Seldom does she appear in the books and stories and articles that kept on and on (so many that it would take several years just to read all she wrote in her lifetime). In her seventies, she still kept grinding them out. This is but a sampling: “Temple of Fame,” “Curse of Education,” “Ignoble Martyr,” “Country
Girls in Town,” “The Disease of Money-Getting,” “Is It All for Nothing?” “In the Grey Cabins of New England” (about the “starved, coffined” lives of spinsters), “New Traits of the New American,” “Under the Old Code,” “The Black North” (about the furor aroused by President Roosevelt’s inviting Booker T. Washington to dine at the White House—nothing so delighted Rebecca as exposing northern racist
hypocrisy), “Recovery of Family Life,” “Story of a Few Plain Women,” “Undistinguished Americans,” “Unwritten History.”

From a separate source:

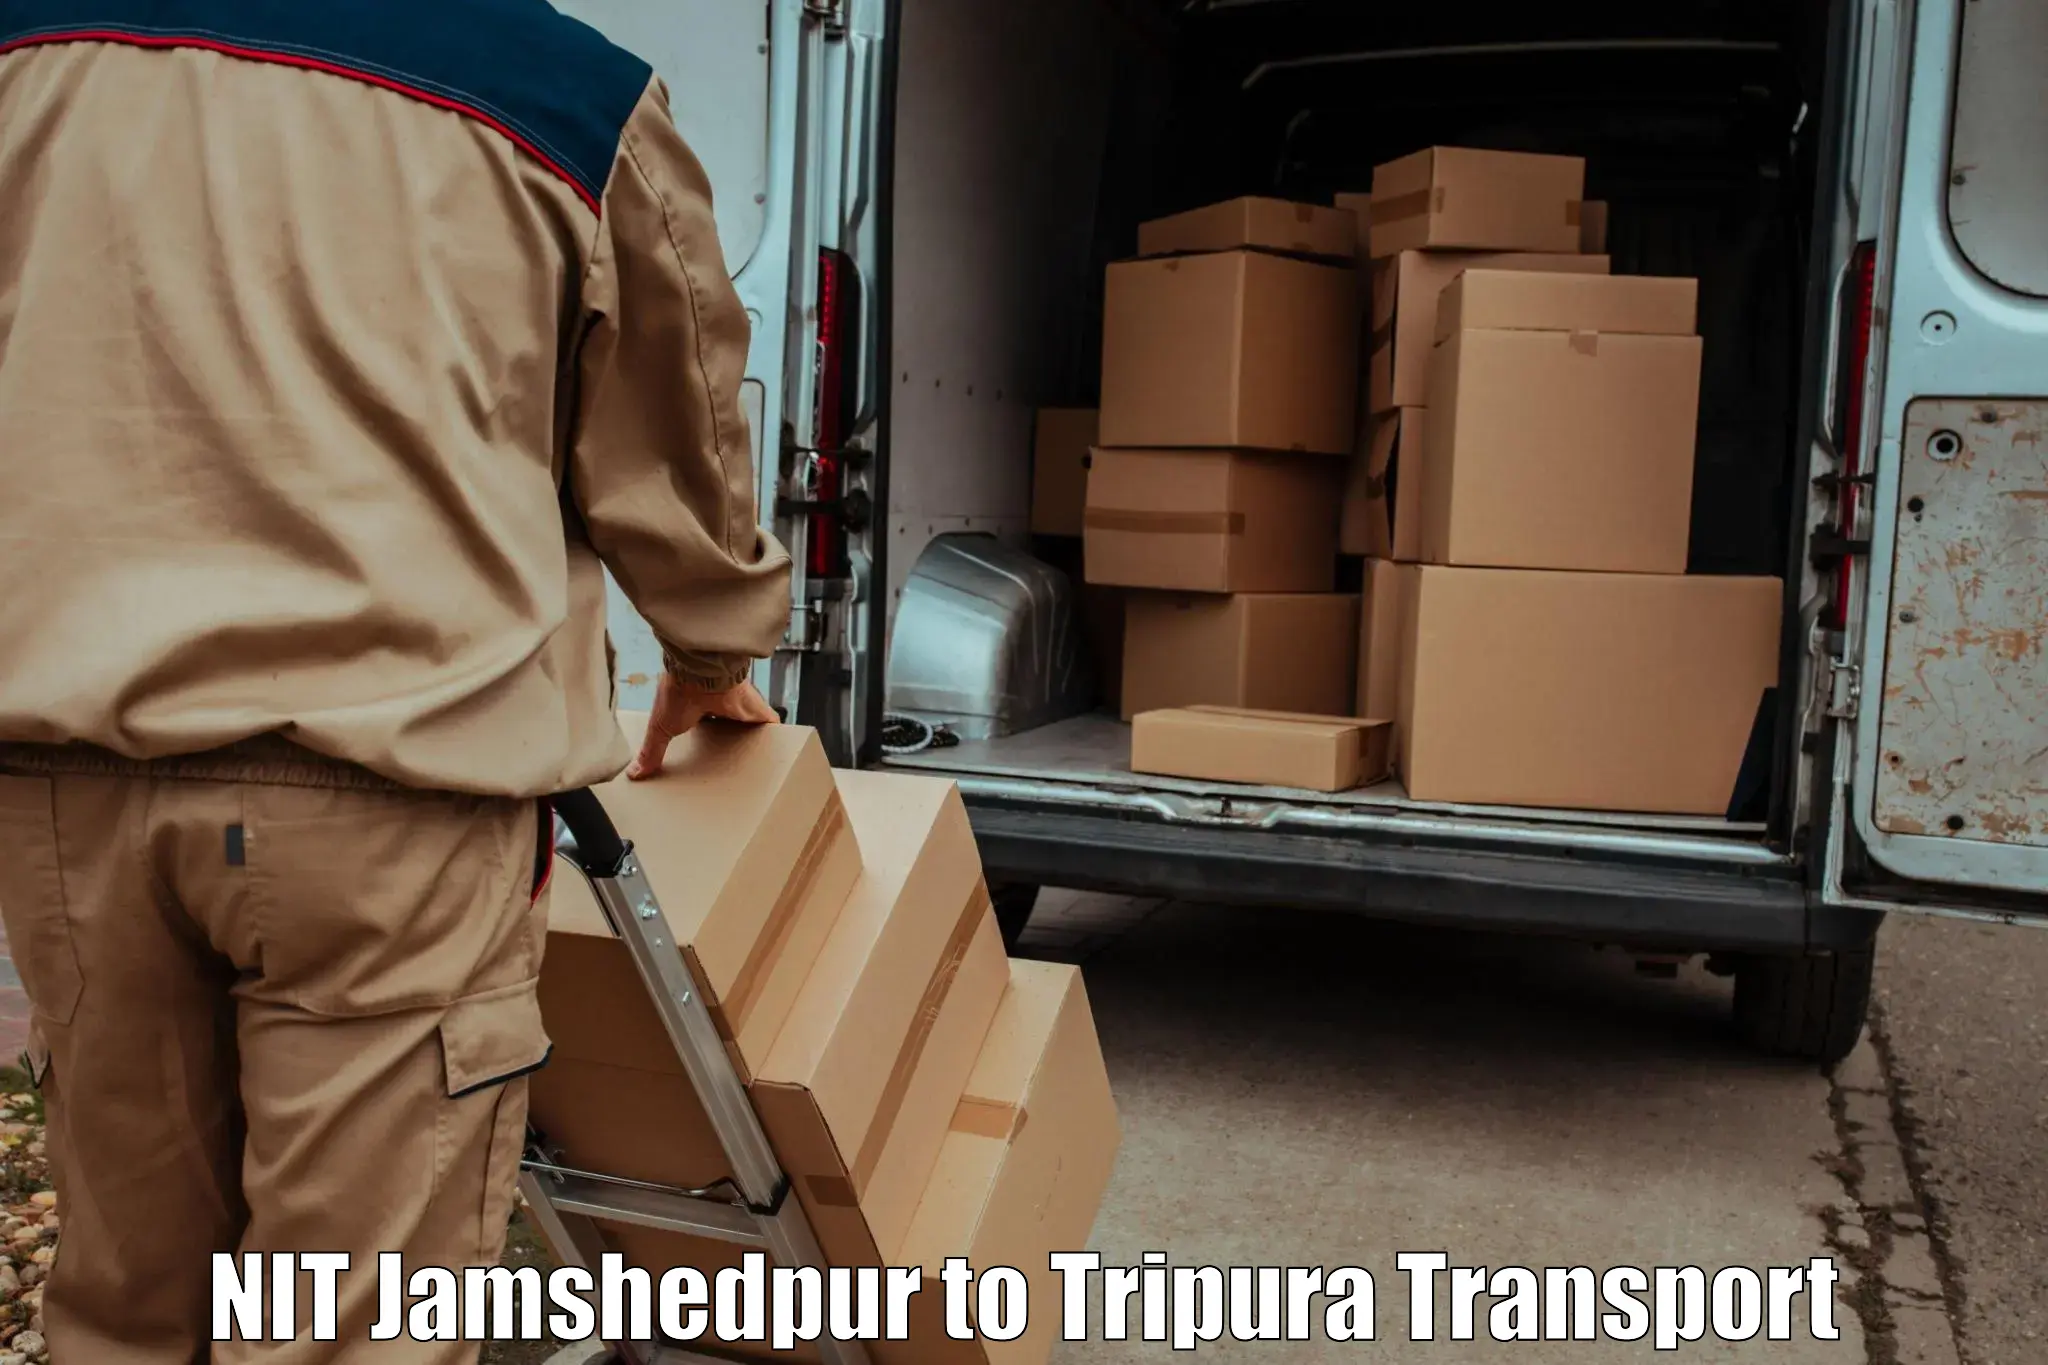 Nearest transport service in NIT Jamshedpur to Sonamura
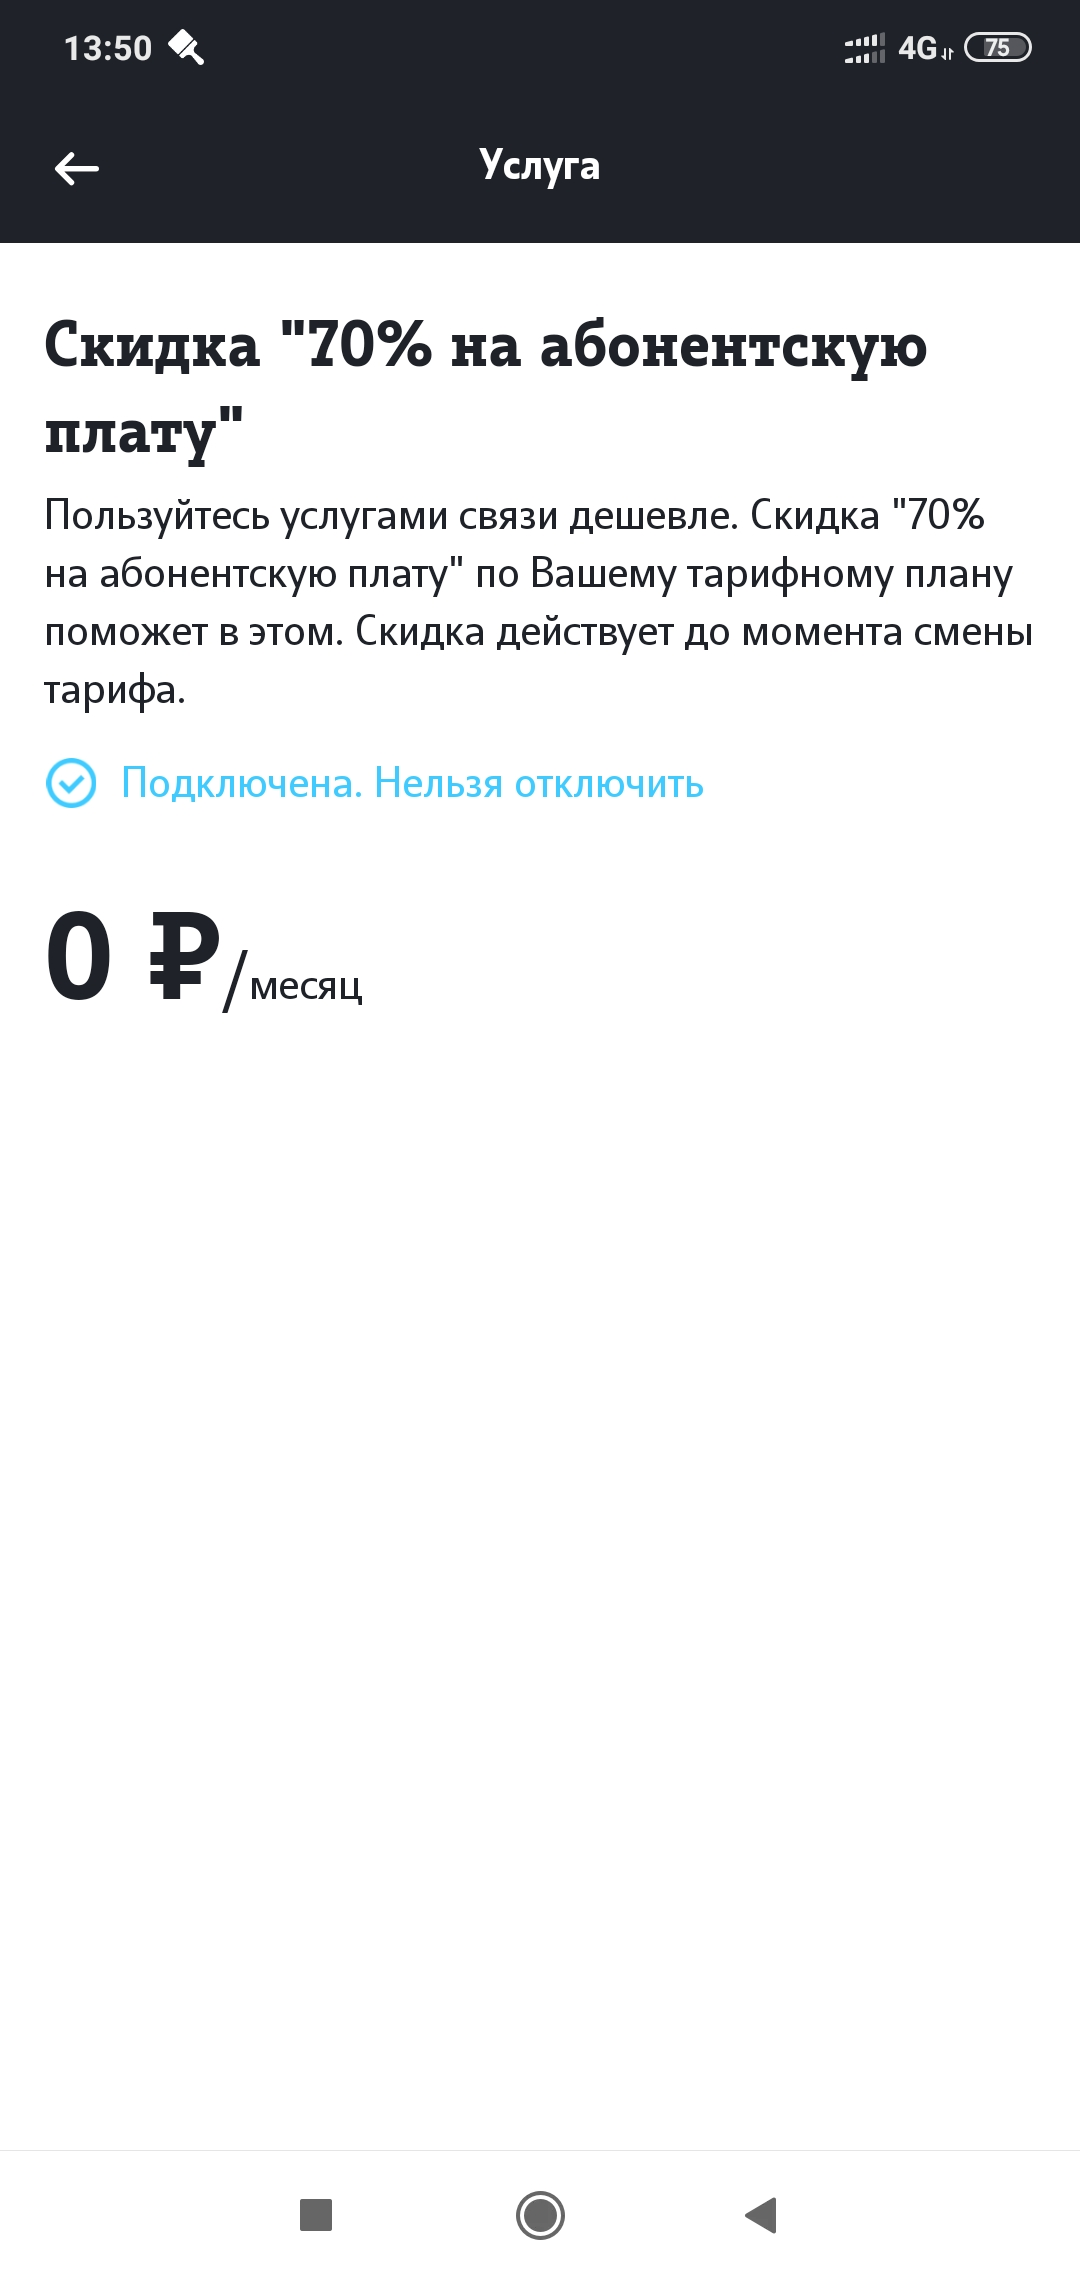 Screenshot_2020-08-19-13-50-26-235_ru.tele2.mytele2.jpg

She died in 1910, age seventy-nine, writing almost to the last moment. No literary journal noted her passing.

Life in the Iron Mills
and
Margret Howth
were already so obliterated by 1891 that Eleanor Marx and Edward Aveling, in their
The Working Class Movement in America,
could
write:

            
. . . one of these days the Uncle Tom’s Cabin of Capitalism will be written.

                  
And here we are tempted to ask, “Where are the American writers of fiction?” With a subject, and such a subject, lying ready to their very hands, clamoring at their very doors, not one of them touches it . . . there are no studies of factory-hands and of dwellers in tenement houses;
no pictures of those sunk in the innermost depths of the modern
Inferno.

On the occasion of her death,
The New York Times did
resurrect the fact that a half century before—before the Inferno had emerged as the overwhelming dominant of American life—a work on the subject had appeared. In its newsstory-obituary (“Mother of Richard Harding Davis Dies at Son’s Home in Mt. Kisco, Aged 79”), it told
how:

            
In 1861 she sent to the
Atlantic Monthly
a story entitled “Life in the Iron Mills,” depicting the grinding life of the working people around her. . . . It attracted attention from all over the country
. . . many thought the author must be a man. The stern but artistic realism of the picture she put alive upon paper, suggested a man, and a man of power not unlike Zola’s.

They
did not mention that she had preceded Zola by two decades.
*

The
Dictionary of American Biography
memorializes her in an estimate denying stern and artistic merit altogether:

            
. . . without guidance or knowledge of literary art save as she had gained it from voluminous reading, she began early to write fiction. . . . Though often crude and amateurish in workmanship, these stories were
nevertheless remarkable productions, distinct landmarks in the evolution of American fiction. Written when the American novel was in all its areas ultra-romantic and over-sentimental, they are Russian-like in their grim and sordid realism.